Function templates are very useful for data structures and library functions. But be careful when you use templates in your application. They make it difficult to reason about code. If you provide the wrong template parameters, the generated compile errors can be horrendous.

Function templates have the tendency to spread through your code. If you want to use a function template in different source files, it has to be completely defined in a header file. Otherwise, the compiler does not know what code to generate. Such a function template will leak implementation details and dependencies to its users. You can also define a function template inside the source file that uses it, but this limits the usefulness of the function template.

Function: Interface

An interface creates a layer of abstraction, typically at a domain boundary. The interface is a contract between the developer and the user. The contract ties a set of behaviors to the correct usage of the interface.

The simplest form of an interface in C++ is the header file. The header file is a collection of function declarations, type definitions, and constants.

For example:

enum class Color
{
    Red, Green, Blue, Yellow, Cyan, Magenta,
};

void drawPoint(int x, int y);

void drawLine(int x0, int y0, int x1, int y1);

void drawRect(int x, int y, int width, int height);

void drawString(int x, int y, const std::string& str);

void setColor(int r, int g, int b);

void setColor(Color color);

An interface should serve as a dependency guard. This means that implementation details should not be leaked across the interface. This protects the user code from seeing platform or domain specific types and functions, that are used internally by the implementation.

An interface allows the developer to make changes and improvements to its implementation without affecting the code of the user. The user can also replace the implementation of the interface without changing their code.

In object-oriented programming, the word interface has a special meaning and is strongly related to polymorphism and virtual function tables.

Function: Function Pointer

A function pointer allows you to reference and call different function implementations, as long as they have the same function signature.

A function pointer allows you to dynamically change the behavior of the program at run-time. This flexibility comes at the cost of introducing abstraction into your program. This is because you don't know what implementation is called when reading the code - the implementation is only known at run-time.

We will later see how to group sets of function pointers more succinctly.

Selecting Behavior at Run-Time

Lets say you have three functions that each implement a different sorting algorithm.

void bubbleSort(std::vector<int>& numbers);

void quickSort(std::vector<int>& numbers);

void mergeSort(std::vector<int>& numbers);

Suppose that you want to select an algorithm at the start of the application, that should be used at a later point during program execution. This can be done in two ways.

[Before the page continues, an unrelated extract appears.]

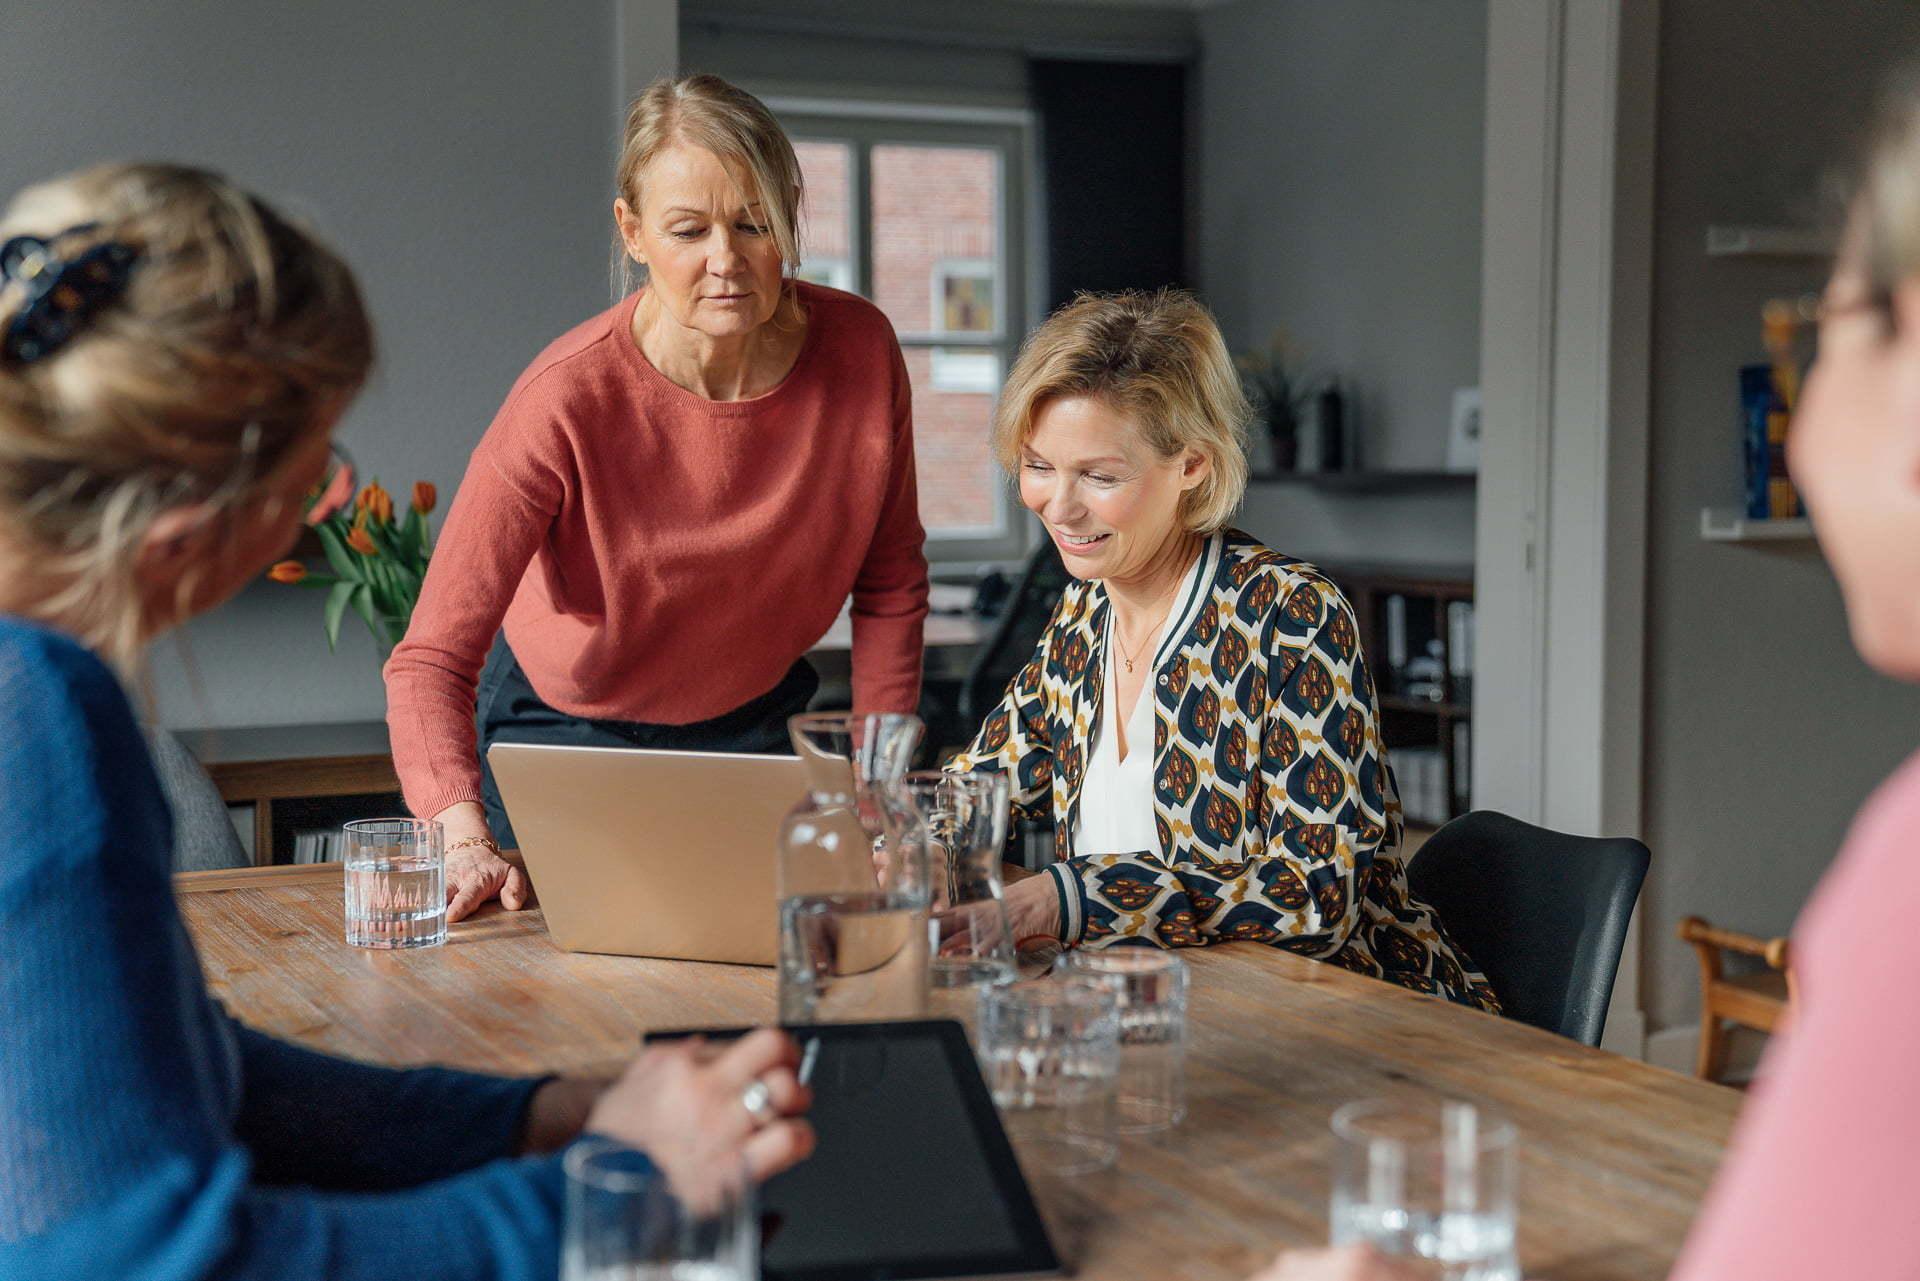 Meetingsituation mit vier Menschen während eines Fotoshootings

The first approach is to write a function that takes the type of algorithm as its first parameter and selects the appropriate sorting algorithm:

enum class Algo
{
    BubbleSort,
    QuickSort,
    MergeSort,
};

void sort(Algo algo, std::vector<int>& numbers)
{
    switch (algo)
    {
    case Algo::BubbleSort:
        bubbleSort(numbers);
        break;
    case Algo::QuickSort:
        quickSort(numbers);
        break;
    case Algo::MergeSort:
        mergeSort(numbers);
        break;
    default:
        assert(false);
        break;
    }
}

The user can pass an Algo as an argument whenever they need to call the sort function.

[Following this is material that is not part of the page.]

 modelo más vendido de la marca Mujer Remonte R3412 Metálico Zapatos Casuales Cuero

Algo selectedAlgo = Algo::QuickSort;

sort(selectedAlgo, numbers);

This solution is straight forward. It clearly specifies which algorithms can be used. Adding a new algorithm requires you to add a new value to the enum, and also extend the switch case.

The second approach is to use a function pointer and to select the desired algorithm by assigning the function address to the function pointer:

using SortFn = void(*)(std::span<int>);

SortFn sort = &quickSort;

sort(numbers);

There is no overhead when adding a new algorithm, compared to the first approach. However, anyone can assign any implementation to the function pointer, as long as it has the same function signature. The same rules that apply to pointers in general, also apply to function pointers. If you fail to initialize the function pointer before invoking the function, the behavior is undefined (?).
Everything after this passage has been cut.